##### Recorded data #####

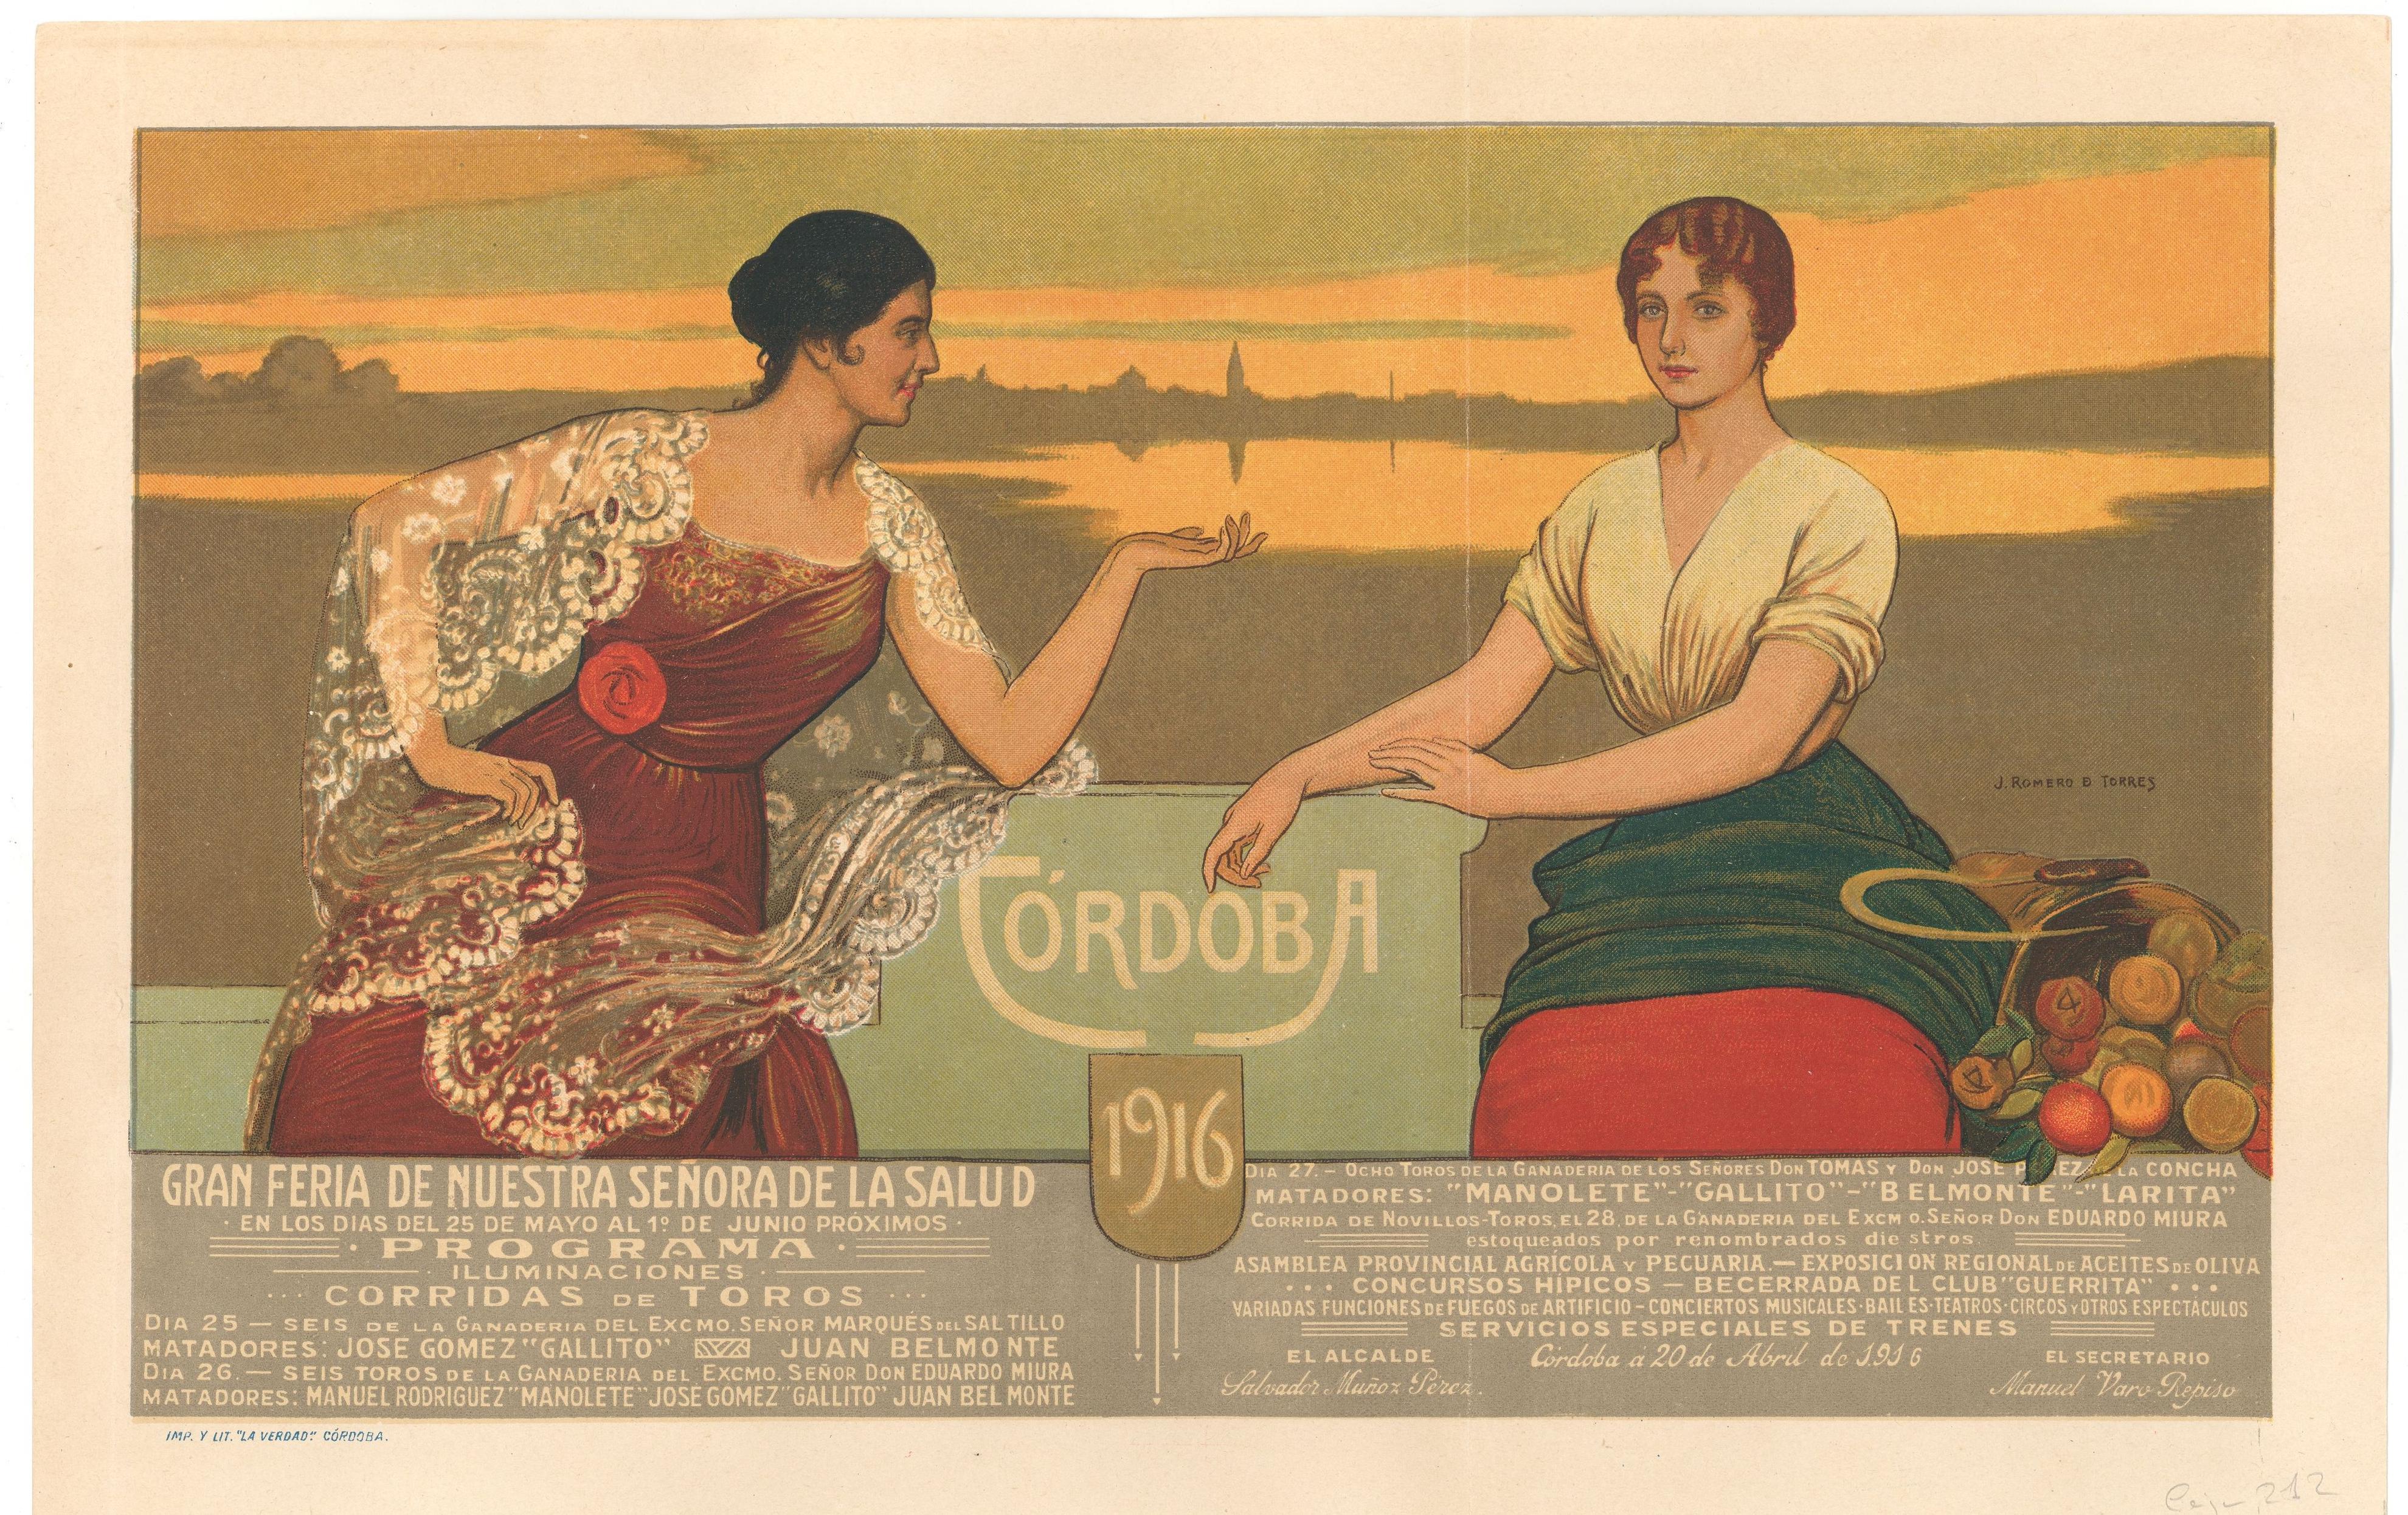 Cartel de la feria de Córdoba 1916
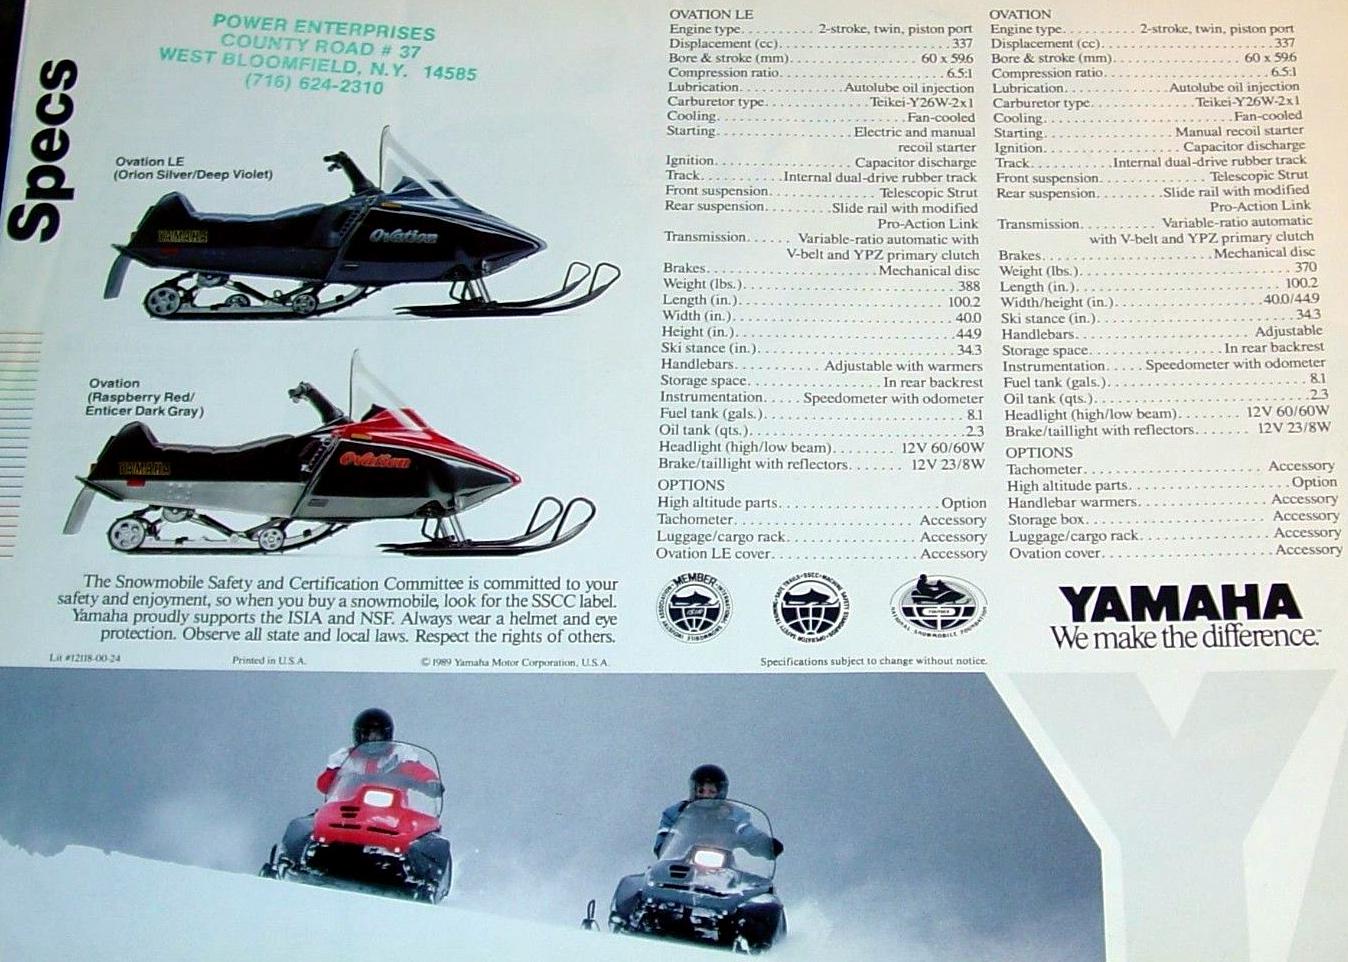 Sno Xx as well D Yamaha Ovation together with Yamaha Ovation July Pp C as well Yamaha Srv V Gwadmrmyyjg besides O. on yamaha ovation snowmobile
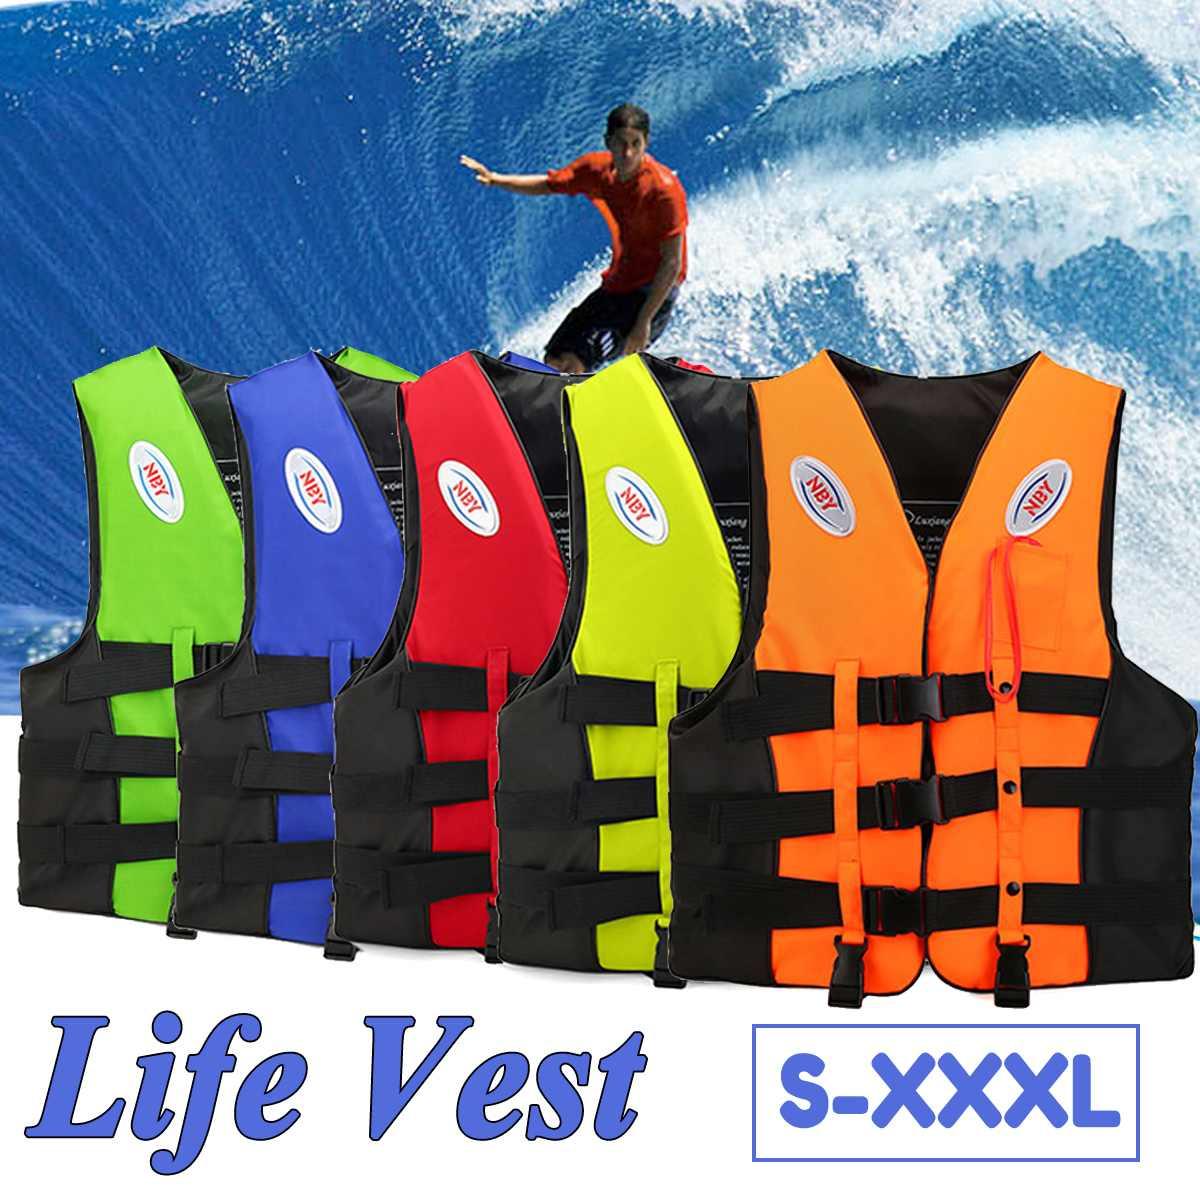 Polyester Adult kids Life Vest Jacket Swimming Boating Ski Drifting Life Vest S-XXXL Sizes Water Sports Man Jacket Wear Fishing

#####

_Task statement_
Repeat the data exactly, excluding the pictures.

_Output of the exercise_
 Cartel de la feria de Córdoba 1916
 Sno Xx as well D Yamaha Ovation together with Yamaha Ovation July Pp C as well Yamaha Srv V Gwadmrmyyjg besides O. on yamaha ovation snowmobile
 Polyester Adult kids Life Vest Jacket Swimming Boating Ski Drifting Life Vest S-XXXL Sizes Water Sports Man Jacket Wear Fishing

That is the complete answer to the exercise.